Your mind is engaging in a never ending battle between positivity and negativity.
As a teenager I can remember my 11th grade teacher saying to me, “Scott, you need to get out of your head, what the hell is going on in there anyway, son?” My response was as followed, “Nothing, sir, I guess I was just overthinking again.”
Overthinking again, hmmm that seems to be a phrase that has come out of my mouth many a time since the days of elementary school. What really is going on inside my head anyway? It always seems so crowded up there, there never seems to be any vacancy for positivity, yet negative and self-punishing thoughts can stay free of charge for as long as they like.I’m pretty sure they even get free room service too, complete with root-beer floats and 32-ounce steaks.
Well, damn! Now that’s the life, occupying someone’s mind free of charge with no timetable to leave, and free room service! Sing me up to be a negative thought… where do I send my resume to?
It’s no wonder I often feel my mind is going to implode from the inside out because there are too many lazy negative thoughts in there taking up all the room. The real question is, as the manager of the hotel, why do I continue to let these thoughts occupy my mind? Why can’t I simply say, “Sorry, no vacancy.” Why can’t I do that?
On occasion, I am able to keep these thoughts at bay, allowing positivity and hope into the hotel free of charge. Yet, they only seem to stay for a night or two before hastily leaving, often times being chased out by the hooligan’s, the dynamic duo of negativity and self-doubt. Those two seem to be the longest tenured thoughts occupying my mind’s hotel, and even when I think I have them kicked out, they sneak back in and trash the place, leaving me to pick up the pieces again.
This daily battle of positivity vs. negativity is one that never stops. Even when I believe positivity has taken over, the battle always continues. Much like the immune system is constantly trying to fend off germs, the mind is constantly trying to fend off negativity, and its up to us to help aid in the battle.
It’s imperative to keep fighting the good fight instead of surrendering to the thoughts that strangle the mind with self-doubt, negativity and their hooligan friends who are constantly knocking on the door, waiting for an opportunity to sneak back in.
So, if I could acquire a time machine and go back to when my 11th grade teacher asked me what’s going on in my head, I would tell him, “Mr. G, let me take you on a trip inside my head and I’ll show you.”
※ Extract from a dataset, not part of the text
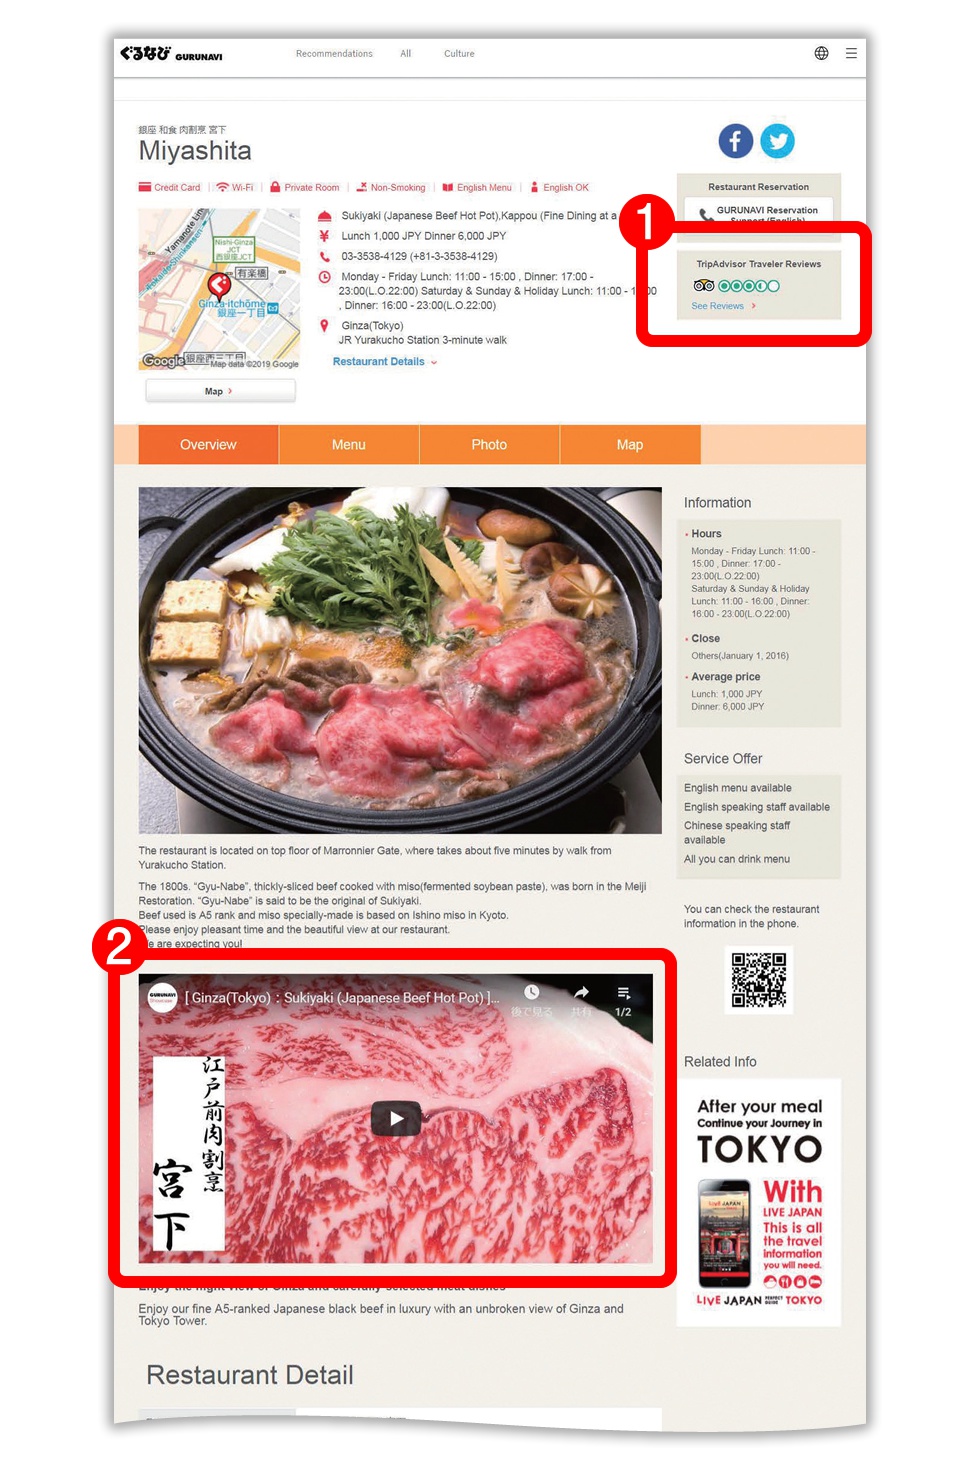 外国人客を意識したメニュー開発を行い「sukiyaki」のアピール強化で

Every single day I wake up with two voices in my head, and no, I’m not crazy. I’m talking about my positive voice and my negative voice. They start bickering with each other the second I wake up in the morning.
“Hey, Scott, today is the day you are finally going to go up to that girl you like and ask her how her weekend was.” A smile breaks across my face as I start to envision such joyous thoughts, yet it is short lived, and immediately followed by, “Hey, Scott, your face looks like someone took a red dry erase marker and had thirty seconds to connect the dots while blindfolded.” Well, there goes any hope of talking to that girl after my negative voice gave me that nice uplifting comment.
Throughout the day I struggle to keep these two voices from tearing me apart, I can’t even eat lunch without them jostling for full control over my train of thought. Yet, as exhausting as it is to try and keep the negativity at bay and focus on positives, I find the strength to continue because of one simple word: hope.
Hope keeps me alive, knowing that my life will not always be this way, knowing that good things are in store for me. The more I focus on hope, the more I start to notice those hooligans, self-doubt, negativity, and self-hatred, check out of the hotel in my mind. Slowly but surely rooms become available, allowing self-security, happiness, confidence, and positivity to check in and stay for an extended time.
So, as manager of your own mind, its up to you to kick the hooligans out. No one else can do it for you, the only way you will take back control of your mind is by allowing positivity to stay for more than one night.
Make it comfortable for those thoughts to stay in your head, offer them free room service, and even provide them with extra perks if they rough up the negative thoughts a little bit. Although the battle will never fully cease, you can make sure its one sided in favor of positivity by ignoring the negative thoughts, and by acting on the ideas placed in your mind by positive thoughts.